Oh, so I love, love this story. I am talking about the giant gold coin theft in Berlin.
I don't know anything about this. I haven't heard about this. What happened?
Oh, God, this is so good. So this week, four men have gone on trial because in 2017, four miscreants managed to break into the Bode Museum in Berlin and steal the biggest ever legal tender coin, which was solid gold. It was worth 3.75 million euros.
So bring that down the chippy.
The size of a car tire.
I buy you a lot of bacon sandwiches. How do you lift that? You just roll it down the road?
So you roll it. That's why, that's why, that's why, you know. Human ingenuity. Drain covers and things are round so you can roll them, right? You don't have to lift it. Anyway, it's the size of a tire. It weighs 100 kilos and they stole it. And I just love this story. So there's so many elements. They wheeled the coin through the museum on a roller board, smashed through a bulletproof cabinet, and then they used a rope and a wheelbarrow to transport it across the railway tracks through a park to a getaway car. And it stuns everyone. It's actually a Canadian legal tender. But I love this line in the article, which I sent you the link for that I'm sure you'll post. but it says it stunned the German public, not least because of its audacity and old-fashioned simplicity and the fact that no alarms have been triggered. Well, it turns out that no alarms have been triggered because just weeks before, one of their oldest friends from school started to work as a contract security guard.
Oh, fancy that, fancy that. Oh, insider. Pure coincidence.
I love it. They're looking at 10 years, but I mean, I love it because it's pure social engineering. It's old-fashioned sort of heists, the type of stuff that I do, legally, obviously. We replicate. Just how theatrical and wonderful is that? But they got caught.
Yeah, it's amazing to think that they thought they could get away with it.
Well, if it hadn't been for them pesky German authorities. Yeah, yeah. Wheelbarrow. Love it. Oh, yeah. Any crime committed with a wheelbarrow. Yeah, you just got to get it there.

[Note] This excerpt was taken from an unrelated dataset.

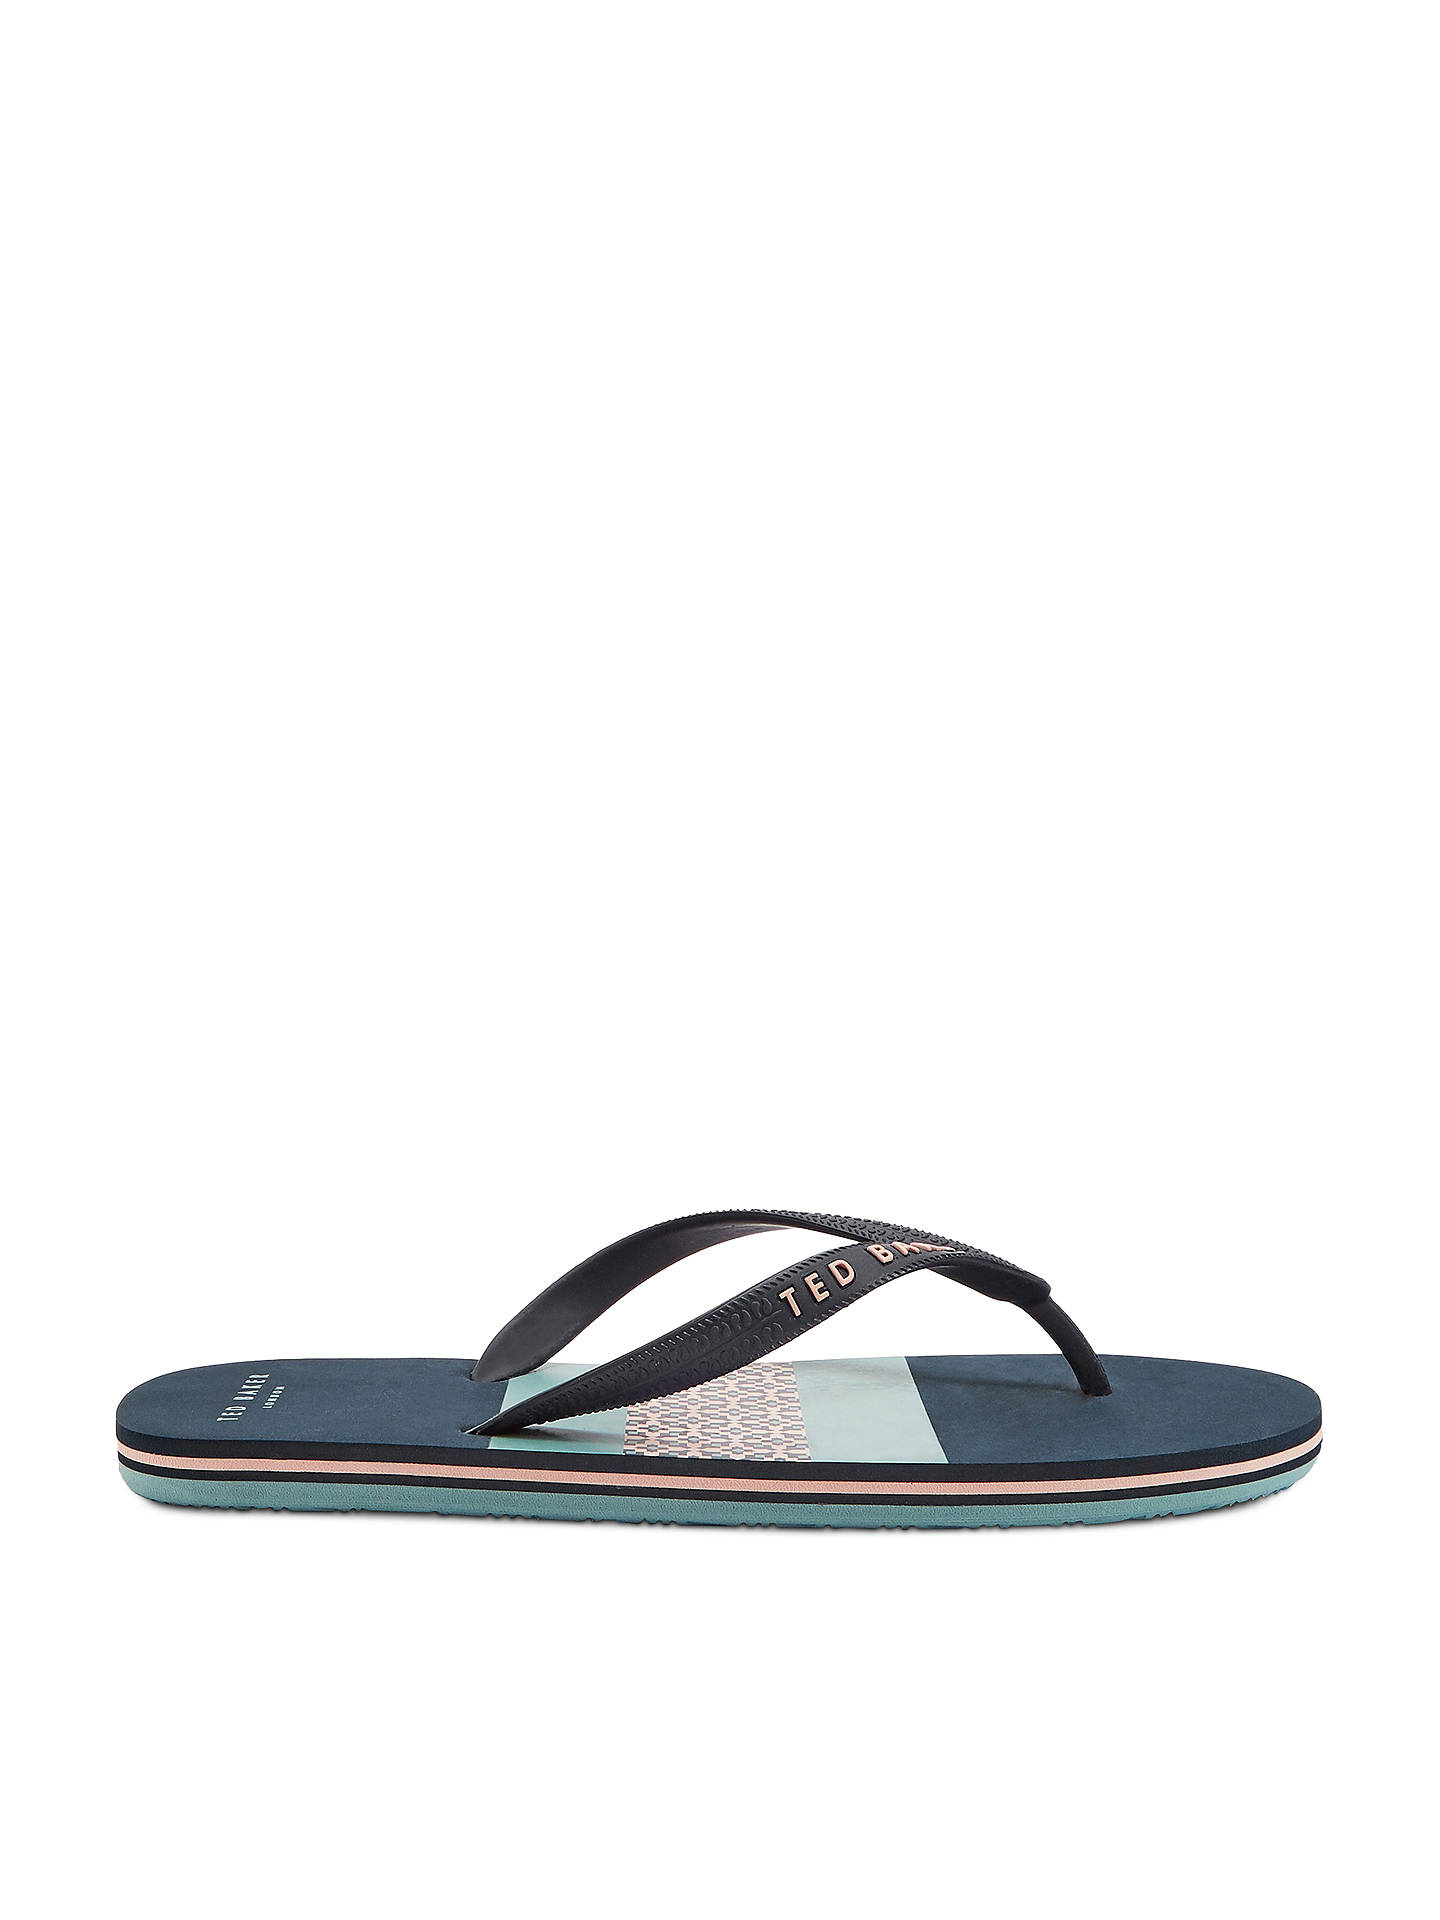 0c9291005 Buy Ted Baker Dyive Flip Flops
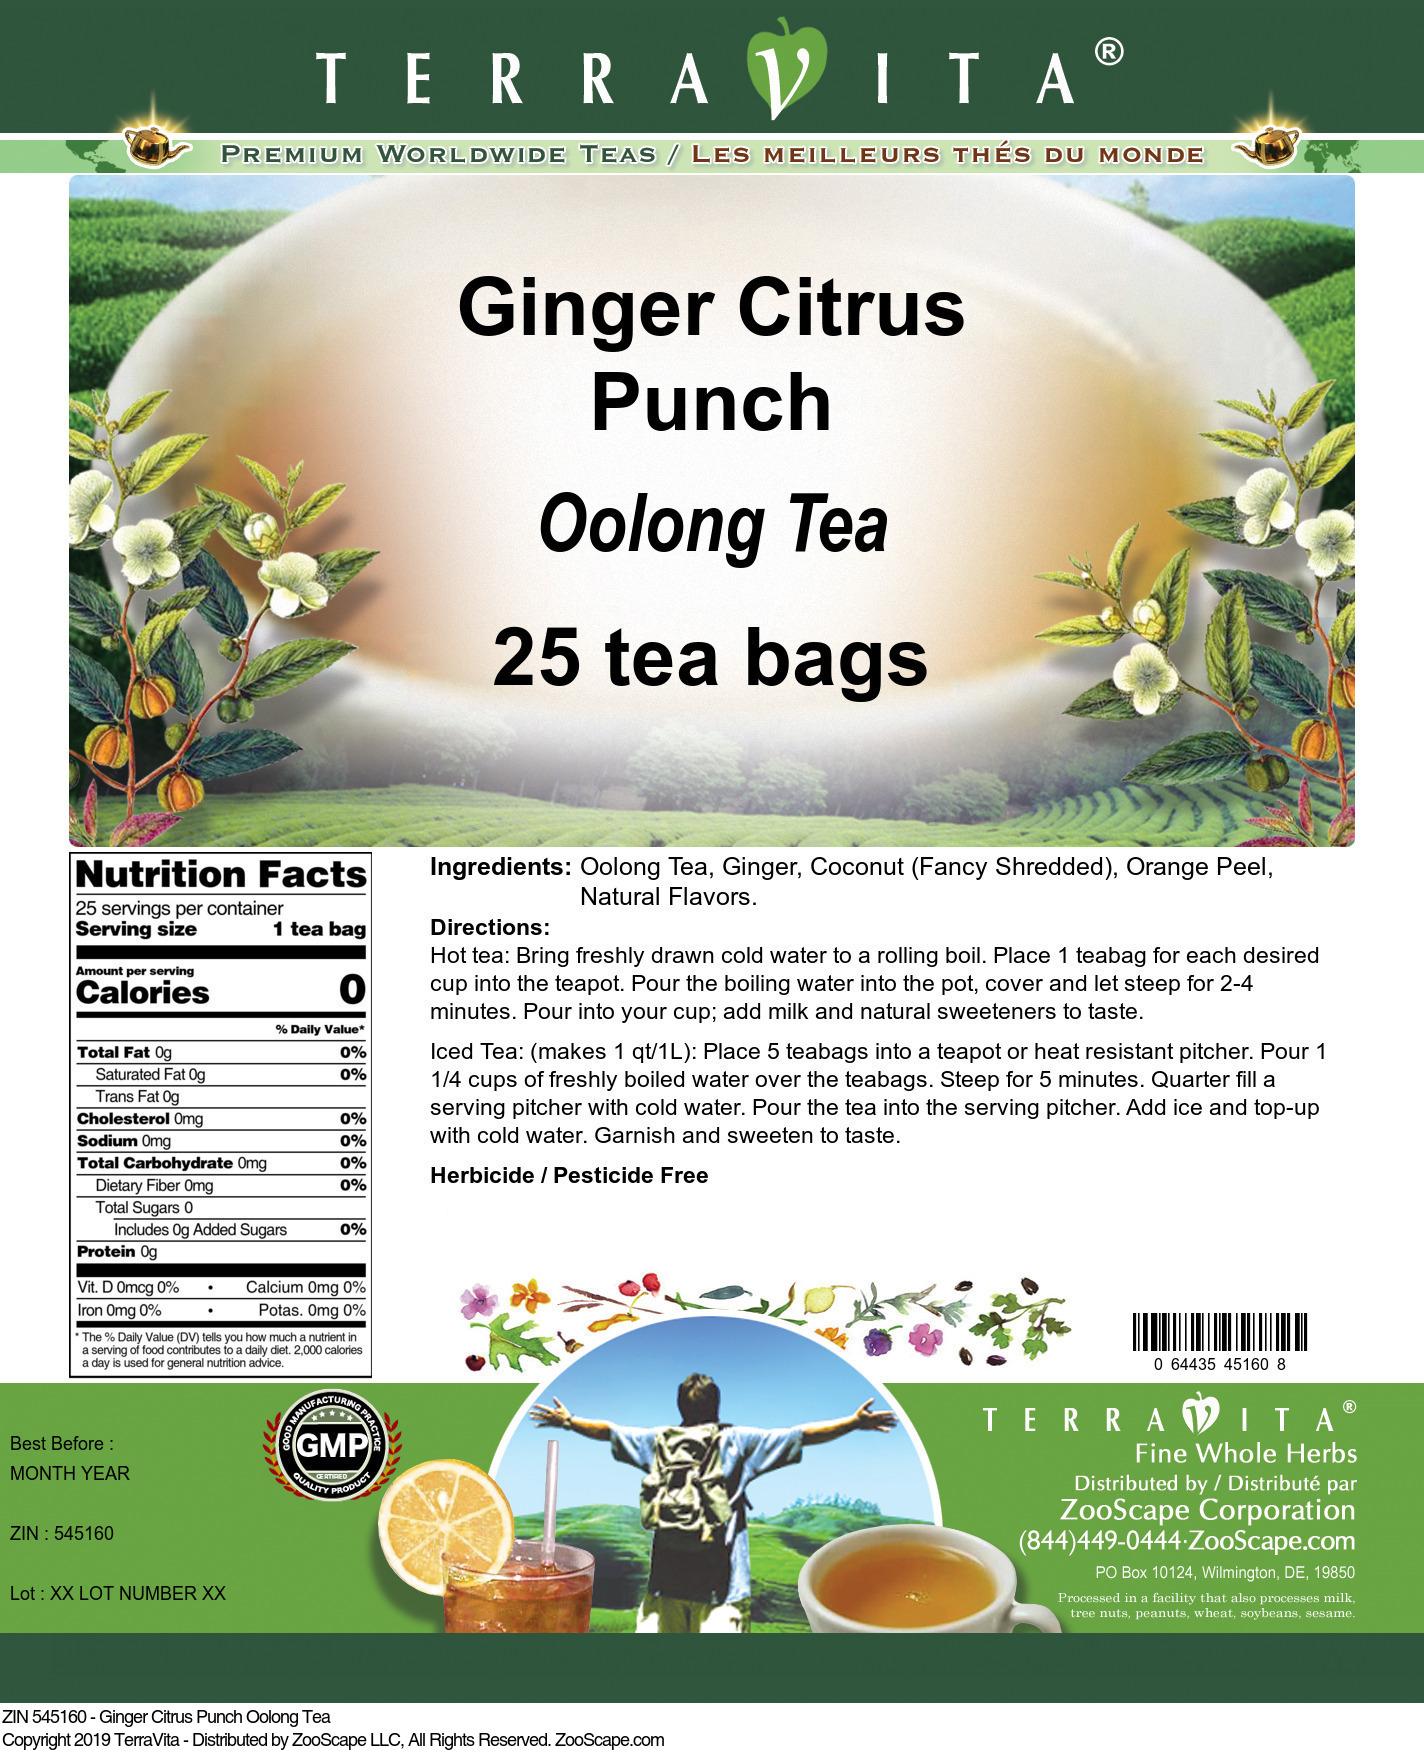 Ginger Citrus Punch Oolong Tea

Apparently. That's what I'm thinking is you'd have to check it in to the plane, wouldn't you? You're a pretty good swimmer, Graham, actually. You could probably just, you know, backpack it. It seems that it was made to break the record for the largest ever legal tender. I don't know whether that's largest physically or just in amount because, you know.
It could be both. But what do you do with it? I mean, you can't buy anything with it.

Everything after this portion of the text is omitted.